# pointing fan towards stove



## chrisasst (Dec 18, 2009)

Ok, So I haven't tried pointing a fan towards my stove before. I usaully have my pedestal fan on top of my stove blowing the air. So I am trying what you guys suggest by pointing a box fan towards the stove. Well here are my findings...With me doing this, it has not increased the temp in my furthest corner, and it has lowered the temp in the room my stove is in by a good 4 degrees. I still have the pedestal fan blowing outwards so I don't know. What am I doing wrong, anything?


----------



## fataugie (Dec 18, 2009)

I don't know...I've done the same thing and I can't really notice a difference in my house (raised ranch) other than the heat evens out a bit between upstairs and downstairs...but to the cool side.  Not what I expected.


----------



## newf lover (Dec 18, 2009)

i have a fan close to the floor blowing toward the room with the stove. Fan is on low. I have nothing blowing hot air out of the room. The temperature goes up about 5 degrees in the room the fan is blowing cold air out of.


----------



## littlesmokey (Dec 18, 2009)

Where is the fan? Do you put it in the cold corner to move that air, or in the stove room? Your results defy physics. The easier air to move is the cold, but your heat doesn't vanish because you add a fan, it has to go somewhere. Move your fan until you get the results you want. All you are doing is creating convection, but you need to extend that distance as far as possible. I heat a corner of my shop two rooms from the stove with a 5 inch (approximately) variable speed box fan. Starts on high and when the temps up, it goes to a medium level. Fan is in the far corner of the room away from the stove.


----------



## DannMarr (Dec 18, 2009)

Second law of thermodynamics- Heat travels from hot to cold and not the other way around. 
Cold is a formation of water & vapour with the chilling up of temperature and is heavy weight......hard to travel.
Heat is vapour on the rise and circulate faster and move from place to place in the form of replacement in space.


----------



## littlesmokey (Dec 18, 2009)

DannMarr said:
			
		

> Second law of thermodynamics- Heat travels from hot to cold and not the other way around.
> Cold is a formation of water & vapour with the chilling up of temperature and is heavy weight......hard to travel.
> Heat is vapour on the rise and circulate faster and move from place to place in the form of replacement in space.
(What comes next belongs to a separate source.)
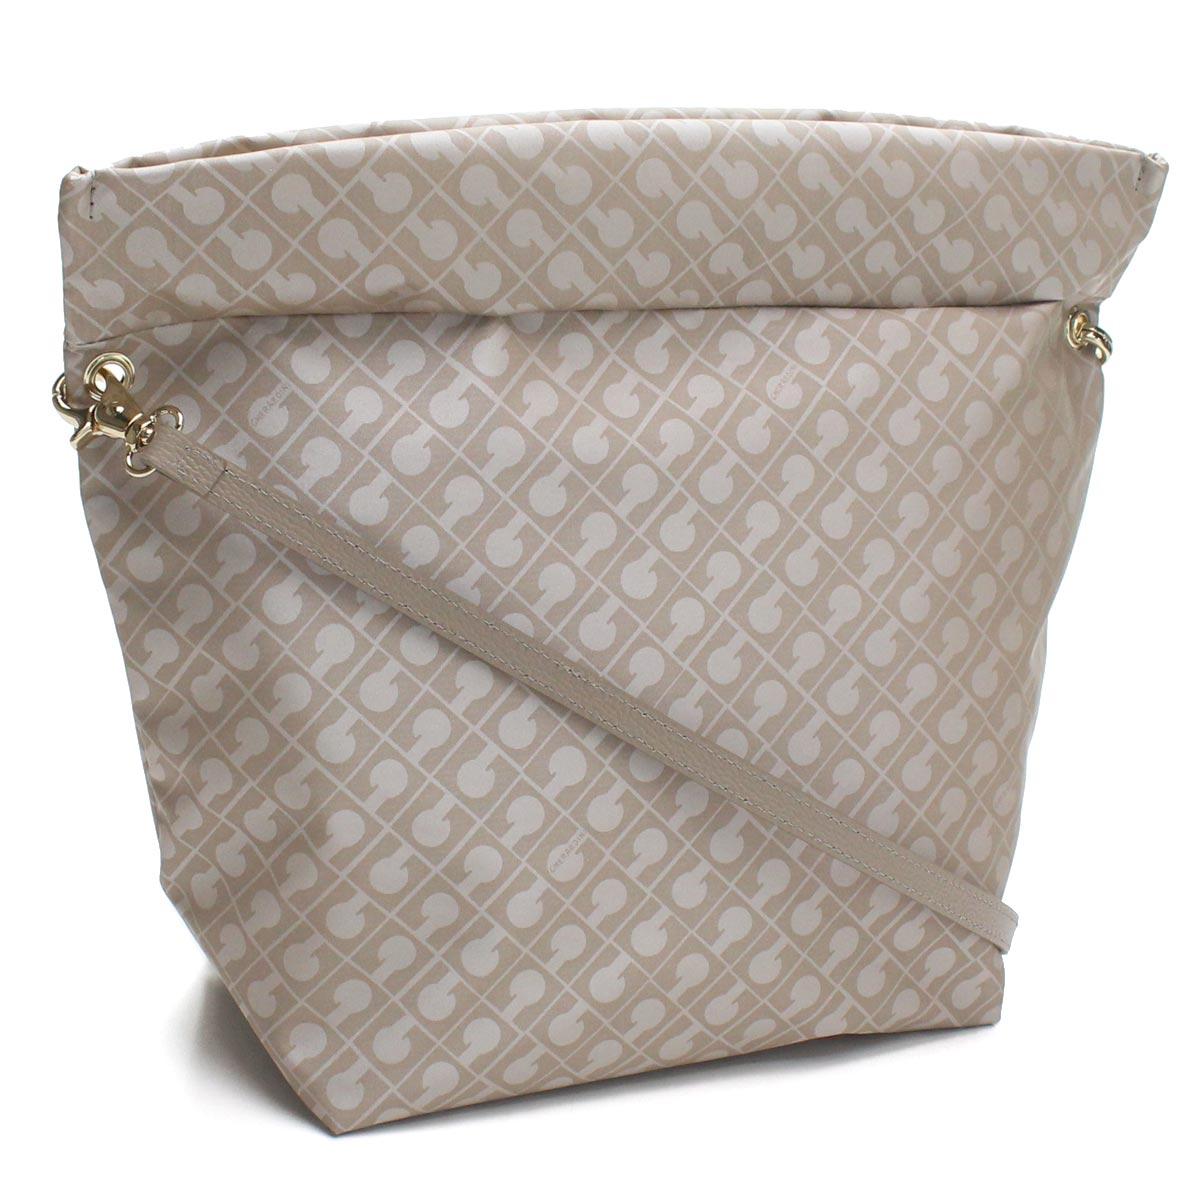 8163ffdb2956 Bighit The total brand wholesale  Take ゲラルディーニ GHERARDINI SOFTY BASICO  slant  shoulder bag GH0311 SOFTY 133 CRETA beige system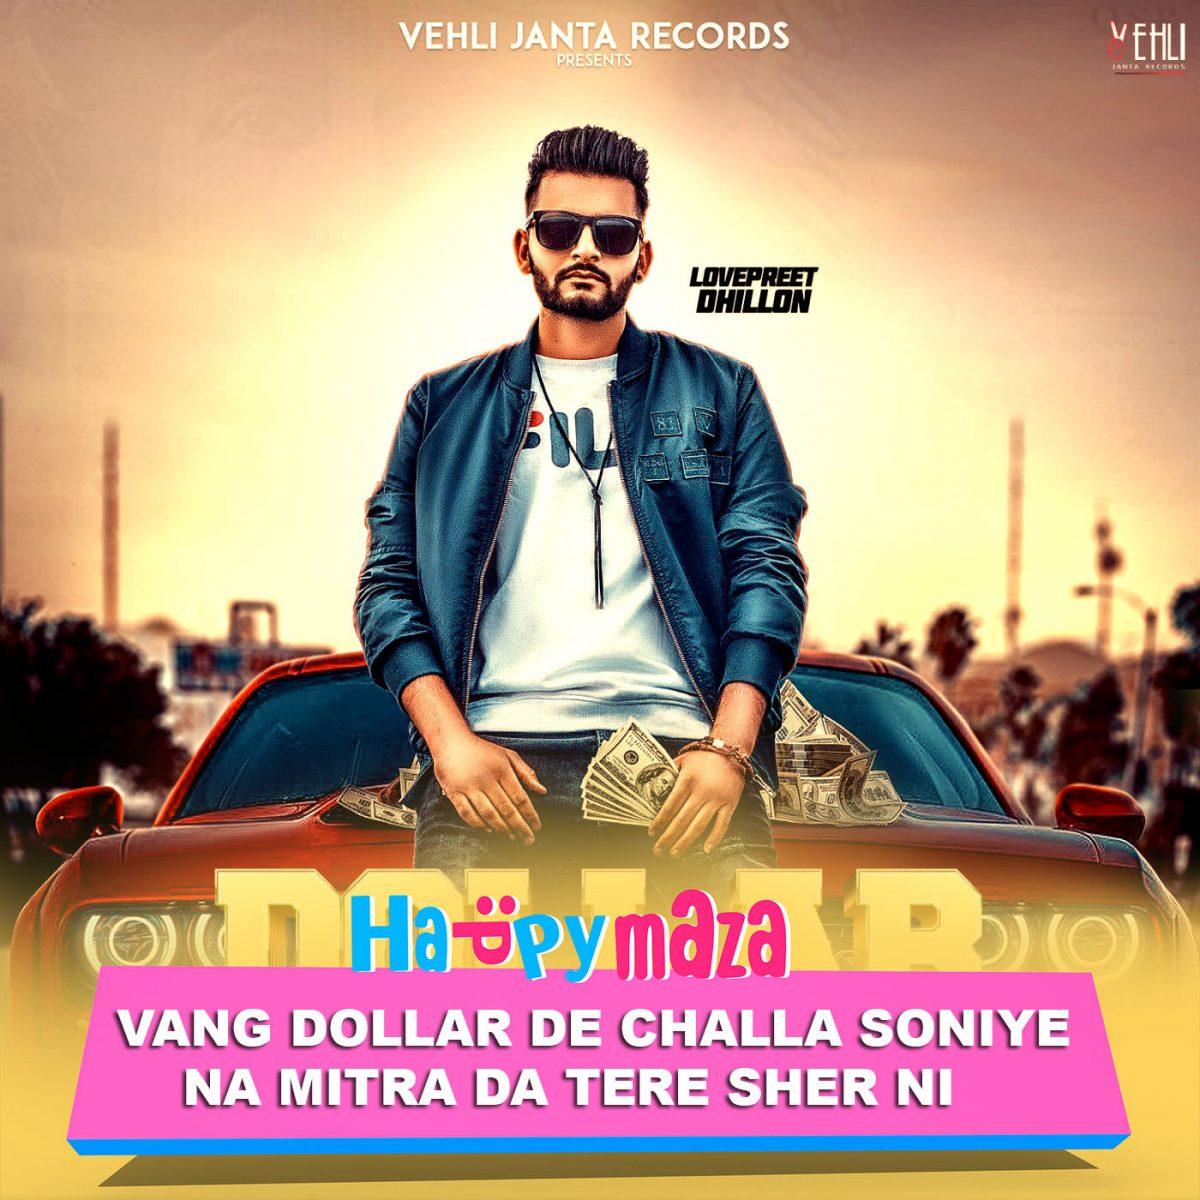 hills hindi songs

Absolutely, but not helpful here. If you have an empty space that used to be cold air, you replace it with the warm. The cold air will naturally travel across the floor, if pushed and move towards where the hot air used to be. I guess the same principle applies to force air furnace systems in that they have cold air returns, not hot air ones. Pushing the cold air towards the stove initiates the convection. By inducing the motion, you can often maintain it with much less volume from the fan.

That's stove basics 101, practical experience, no laws apply. :cheese:


----------



## DannMarr (Dec 18, 2009)

Actually, in forced air systems the cold is sucked and not pushed. But I understand your reasoning, sometimes experience is the best knowledge.


----------



## krooser (Dec 18, 2009)

I use a pedestal fan to blow the hot air from my kitchen/porch into my living room.

If temps are below 0F I also use a small fan to blow the cold air from my bedrooms into the kitchen... seems to work better than aiming a fan at the bedrooms...


----------



## jtakeman (Dec 18, 2009)

As far as I know from testing. Cool dense air is harder to move than lighter warm air. Use a hot air balloon as an example. Moving the cool air towards the stove creates a void and the warm air easily moves in behind it. It works for me, But there is always the opposite and you will need to figure out what works for you. But in order to distribute the air you will have to assist with a fan or multiple fans.


----------



## fataugie (Dec 18, 2009)

The fan obviously is moving the air and helping to enhance the movement that was already present with the convection.   My observations are that the reason it seems cooler is because the air moving is at a greater velocity than normal convection and it is moving around the area dissipating the heat to the far reaches of the structure quicker.  So, if given enough time and assuming the heat gain is greater than the heat loss in the structure, eventually you'll get ahead and the temp would start rising.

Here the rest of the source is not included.